RIM also taught PlayBook-specific gestures. You can swipe up from the bottom of the tablet to reveal the home screen. By tapping in the lower right-hand corner, you can turn on the rear camera.
As I see it, anyway, RIM also succeeded in showing the app development progress it's made in the six weeks since earlier press demos in March. This time around, you could download and play around with any of nearly 2,000 apps, including YouTube, Slacker Radio, Voice Notes, KoBo Books,and Tetris, for instance.
To build apps for the PlayBook, RIM's third-party developer partners are working in three different environments -- Adobe Air, WebWorks, and Java -- which all run on top of a Unix Posix kernel known as QNX.
At some still unspecified point in the future, the PlayBook will also run Android apps, Raheel affirmed.
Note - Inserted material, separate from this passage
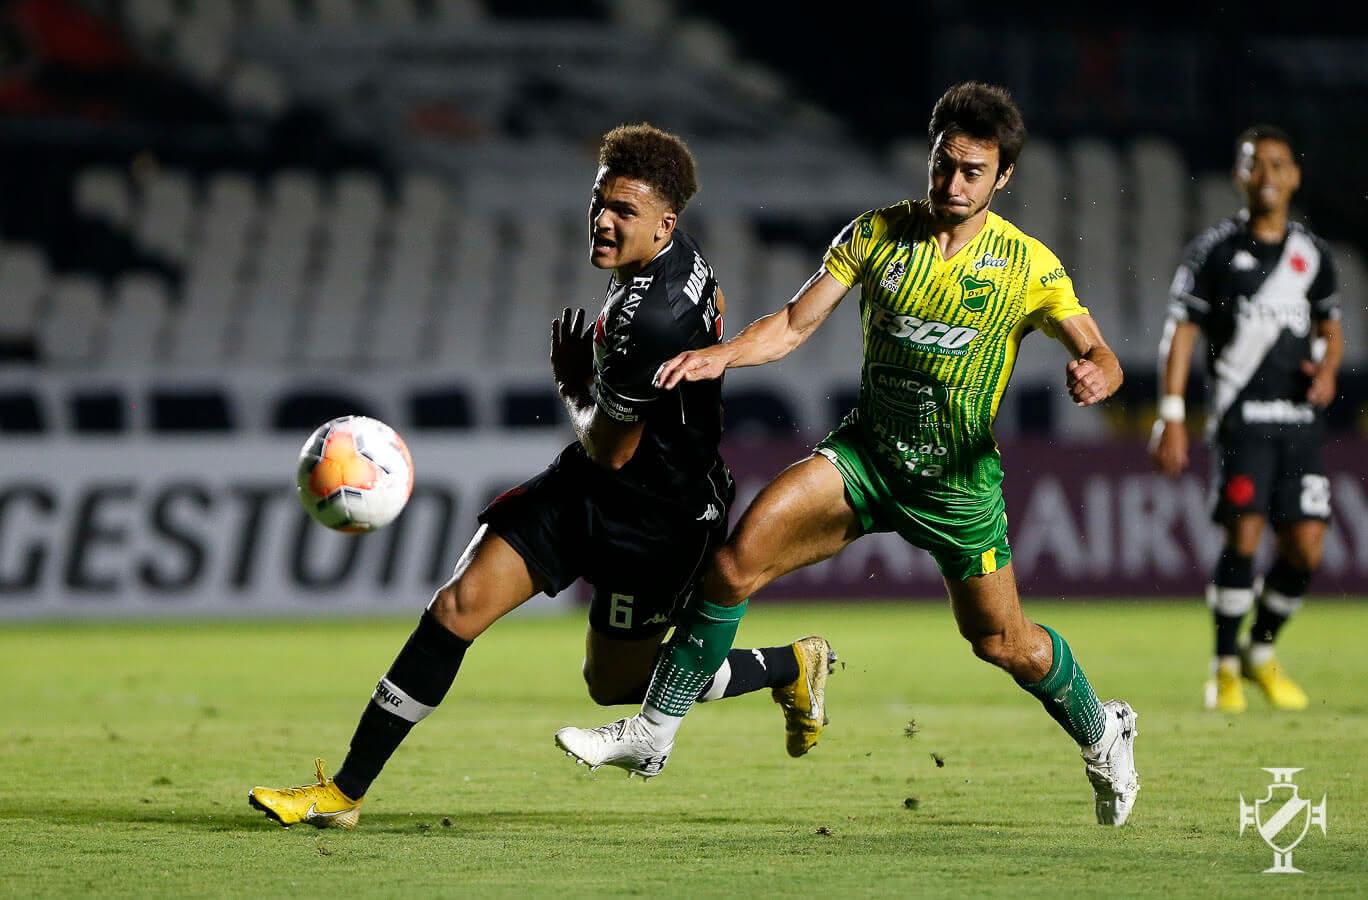 Neto Borges durante o jogo contra o Defensa y Justicia

RIM, however, is going to curate Android apps for the PlayBook, choosing just some of them for App World.
I came back from this magic show, though, still wondering how well RIM's app strategy will actually work in light of the intense tablet rivalry from Apple and all the rest.
Where Apple focused the iPad at first mostly on consumers, it would seem to make sense for RIM to do the exact opposite with its tablets, gaining an early advantage among the huge numbers of business users of BlackBerry phones.
But ironically, RIM's first slate of a couple of thousand apps will include hardly any software geared to business.
The hordes of business apps already created for RIM BlackBerry phones won't work "as is" in the PlayBook environment, since the PlayBooks won't run the BlackBerry OS that operates on BlackBerry phones.
Untold numbers of these existing Java-based apps for BlackBerry phones will get recompiled for the PlayBook, but not exactly imminently.
Meanwhile, RIM is justifying BlackBerry Bridge on security grounds. As the theory goes, enterprise IT managers will only need to worry about securing the data on BlackBerry phones, since messages will be wiped from the tablet when a BlackBerry Bridge connection bites the dust.
But consumers, of course, aren't directly governed by enterprise IT security policies, anyway.
PlayBook's Consumer Play
More apps are out there for consumers and, while it shouldn't be priced as high as Apple's tablet, the seven-inch PlayBook might well appeal to consumers who want a smaller and lighter device than the 10-inch iPad.
The PlayBook might also pick up fans among those looking for features not available on Apple's tablet, whether that's multimedia multitasking or the PlayBook's unique split-screen mode for slide presentations.
RIM's Balsillie has suggested that, for legions of consumers, the lack of a native e-mail client isn't going to matter. Maybe it's true that the PlayBook's browser-based access to Web mail will be enough for many. 3G/4G access, though, is more universally important.
So here's hoping that a future software update for PlayBook will indeed include native e-mail, contact, and calendar apps, for those who need them. Meanwhile, RIM has already decided to release tablets with 3G/4G connectivity this summer.